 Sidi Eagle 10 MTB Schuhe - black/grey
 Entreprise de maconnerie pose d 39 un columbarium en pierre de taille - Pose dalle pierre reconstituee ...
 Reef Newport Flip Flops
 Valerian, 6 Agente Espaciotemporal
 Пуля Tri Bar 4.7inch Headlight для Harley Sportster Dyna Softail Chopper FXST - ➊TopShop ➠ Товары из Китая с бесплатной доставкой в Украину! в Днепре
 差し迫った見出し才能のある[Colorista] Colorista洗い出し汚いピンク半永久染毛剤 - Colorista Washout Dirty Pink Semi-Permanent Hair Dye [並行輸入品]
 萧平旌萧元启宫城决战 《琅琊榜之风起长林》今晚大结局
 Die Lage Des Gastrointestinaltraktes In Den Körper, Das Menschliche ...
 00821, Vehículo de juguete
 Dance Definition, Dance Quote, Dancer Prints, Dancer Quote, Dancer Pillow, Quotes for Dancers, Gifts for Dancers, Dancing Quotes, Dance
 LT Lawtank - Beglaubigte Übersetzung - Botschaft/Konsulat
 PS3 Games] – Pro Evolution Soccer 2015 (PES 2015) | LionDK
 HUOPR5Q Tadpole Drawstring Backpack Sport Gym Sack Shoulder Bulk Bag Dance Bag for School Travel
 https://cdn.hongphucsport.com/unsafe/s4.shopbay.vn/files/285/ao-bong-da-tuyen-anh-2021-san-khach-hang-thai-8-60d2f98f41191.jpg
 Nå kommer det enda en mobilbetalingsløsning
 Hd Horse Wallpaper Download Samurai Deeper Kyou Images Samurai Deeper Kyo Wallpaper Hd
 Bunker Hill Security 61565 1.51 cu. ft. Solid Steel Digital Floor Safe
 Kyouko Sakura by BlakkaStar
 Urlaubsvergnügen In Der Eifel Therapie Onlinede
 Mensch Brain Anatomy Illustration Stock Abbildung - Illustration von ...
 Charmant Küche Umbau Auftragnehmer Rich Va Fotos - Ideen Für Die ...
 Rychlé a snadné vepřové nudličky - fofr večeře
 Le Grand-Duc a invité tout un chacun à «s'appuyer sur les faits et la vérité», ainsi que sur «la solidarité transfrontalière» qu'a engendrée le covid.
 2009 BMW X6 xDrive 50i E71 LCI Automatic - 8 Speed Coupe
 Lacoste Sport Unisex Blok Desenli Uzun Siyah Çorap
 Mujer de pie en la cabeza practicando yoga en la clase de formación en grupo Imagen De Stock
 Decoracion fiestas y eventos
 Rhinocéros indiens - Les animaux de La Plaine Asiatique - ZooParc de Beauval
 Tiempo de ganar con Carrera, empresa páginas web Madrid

────

→ **TRY IT**
In the material above, find the line containing "差し迫った見出し才能のある[Colorista] Colorista洗い出し汚いピンク半永久染毛剤 - Colorista" and the line containing "Hd Horse Wallpaper", then write out exactly those two lines and every line between them, and nothing more.

→ **FINISHED TASK**
 差し迫った見出し才能のある[Colorista] Colorista洗い出し汚いピンク半永久染毛剤 - Colorista Washout Dirty Pink Semi-Permanent Hair Dye [並行輸入品]
 萧平旌萧元启宫城决战 《琅琊榜之风起长林》今晚大结局
 Die Lage Des Gastrointestinaltraktes In Den Körper, Das Menschliche ...
 00821, Vehículo de juguete
 Dance Definition, Dance Quote, Dancer Prints, Dancer Quote, Dancer Pillow, Quotes for Dancers, Gifts for Dancers, Dancing Quotes, Dance
 LT Lawtank - Beglaubigte Übersetzung - Botschaft/Konsulat
 PS3 Games] – Pro Evolution Soccer 2015 (PES 2015) | LionDK
 HUOPR5Q Tadpole Drawstring Backpack Sport Gym Sack Shoulder Bulk Bag Dance Bag for School Travel
 https://cdn.hongphucsport.com/unsafe/s4.shopbay.vn/files/285/ao-bong-da-tuyen-anh-2021-san-khach-hang-thai-8-60d2f98f41191.jpg
 Nå kommer det enda en mobilbetalingsløsning
 Hd Horse Wallpaper Download Samurai Deeper Kyou Images Samurai Deeper Kyo Wallpaper Hd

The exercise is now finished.